PROBLEM DETAILS -
Every line of the data is to be transcribed without error.

Dataset records -
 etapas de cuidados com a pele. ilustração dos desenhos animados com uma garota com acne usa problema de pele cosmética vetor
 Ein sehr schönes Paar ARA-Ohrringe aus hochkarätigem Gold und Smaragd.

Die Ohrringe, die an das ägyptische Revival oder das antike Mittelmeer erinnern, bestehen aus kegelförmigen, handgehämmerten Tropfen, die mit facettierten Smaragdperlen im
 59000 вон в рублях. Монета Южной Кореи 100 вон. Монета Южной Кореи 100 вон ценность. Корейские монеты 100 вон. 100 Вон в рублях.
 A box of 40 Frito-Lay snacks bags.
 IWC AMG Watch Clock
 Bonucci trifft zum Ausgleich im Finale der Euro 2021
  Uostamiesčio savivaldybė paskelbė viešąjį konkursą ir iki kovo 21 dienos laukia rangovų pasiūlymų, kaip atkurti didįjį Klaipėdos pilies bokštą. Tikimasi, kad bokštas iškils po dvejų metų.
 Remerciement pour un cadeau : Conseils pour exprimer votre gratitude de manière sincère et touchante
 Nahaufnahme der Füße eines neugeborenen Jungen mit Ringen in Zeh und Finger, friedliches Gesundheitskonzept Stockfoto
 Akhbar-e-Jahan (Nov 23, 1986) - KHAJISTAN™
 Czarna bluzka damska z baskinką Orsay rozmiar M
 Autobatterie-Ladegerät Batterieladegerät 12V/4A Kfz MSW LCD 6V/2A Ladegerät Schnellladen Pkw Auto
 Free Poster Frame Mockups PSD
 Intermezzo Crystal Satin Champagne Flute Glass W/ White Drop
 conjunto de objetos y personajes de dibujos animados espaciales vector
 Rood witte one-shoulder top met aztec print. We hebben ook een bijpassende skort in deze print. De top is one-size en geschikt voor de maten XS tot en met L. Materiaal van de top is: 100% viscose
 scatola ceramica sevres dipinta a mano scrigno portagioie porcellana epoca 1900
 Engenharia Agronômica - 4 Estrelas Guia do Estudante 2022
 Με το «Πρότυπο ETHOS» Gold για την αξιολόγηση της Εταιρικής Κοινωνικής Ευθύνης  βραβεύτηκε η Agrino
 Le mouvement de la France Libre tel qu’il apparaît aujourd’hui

RESULT FOR THIS EXERCISE -
 etapas de cuidados com a pele. ilustração dos desenhos animados com uma garota com acne usa problema de pele cosmética vetor
 Ein sehr schönes Paar ARA-Ohrringe aus hochkarätigem Gold und Smaragd.

Die Ohrringe, die an das ägyptische Revival oder das antike Mittelmeer erinnern, bestehen aus kegelförmigen, handgehämmerten Tropfen, die mit facettierten Smaragdperlen im
 59000 вон в рублях. Монета Южной Кореи 100 вон. Монета Южной Кореи 100 вон ценность. Корейские монеты 100 вон. 100 Вон в рублях.
 A box of 40 Frito-Lay snacks bags.
 IWC AMG Watch Clock
 Bonucci trifft zum Ausgleich im Finale der Euro 2021
  Uostamiesčio savivaldybė paskelbė viešąjį konkursą ir iki kovo 21 dienos laukia rangovų pasiūlymų, kaip atkurti didįjį Klaipėdos pilies bokštą. Tikimasi, kad bokštas iškils po dvejų metų.
 Remerciement pour un cadeau : Conseils pour exprimer votre gratitude de manière sincère et touchante
 Nahaufnahme der Füße eines neugeborenen Jungen mit Ringen in Zeh und Finger, friedliches Gesundheitskonzept Stockfoto
 Akhbar-e-Jahan (Nov 23, 1986) - KHAJISTAN™
 Czarna bluzka damska z baskinką Orsay rozmiar M
 Autobatterie-Ladegerät Batterieladegerät 12V/4A Kfz MSW LCD 6V/2A Ladegerät Schnellladen Pkw Auto
 Free Poster Frame Mockups PSD
 Intermezzo Crystal Satin Champagne Flute Glass W/ White Drop
 conjunto de objetos y personajes de dibujos animados espaciales vector
 Rood witte one-shoulder top met aztec print. We hebben ook een bijpassende skort in deze print. De top is one-size en geschikt voor de maten XS tot en met L. Materiaal van de top is: 100% viscose
 scatola ceramica sevres dipinta a mano scrigno portagioie porcellana epoca 1900
 Engenharia Agronômica - 4 Estrelas Guia do Estudante 2022
 Με το «Πρότυπο ETHOS» Gold για την αξιολόγηση της Εταιρικής Κοινωνικής Ευθύνης  βραβεύτηκε η Agrino
 Le mouvement de la France Libre tel qu’il apparaît aujourd’hui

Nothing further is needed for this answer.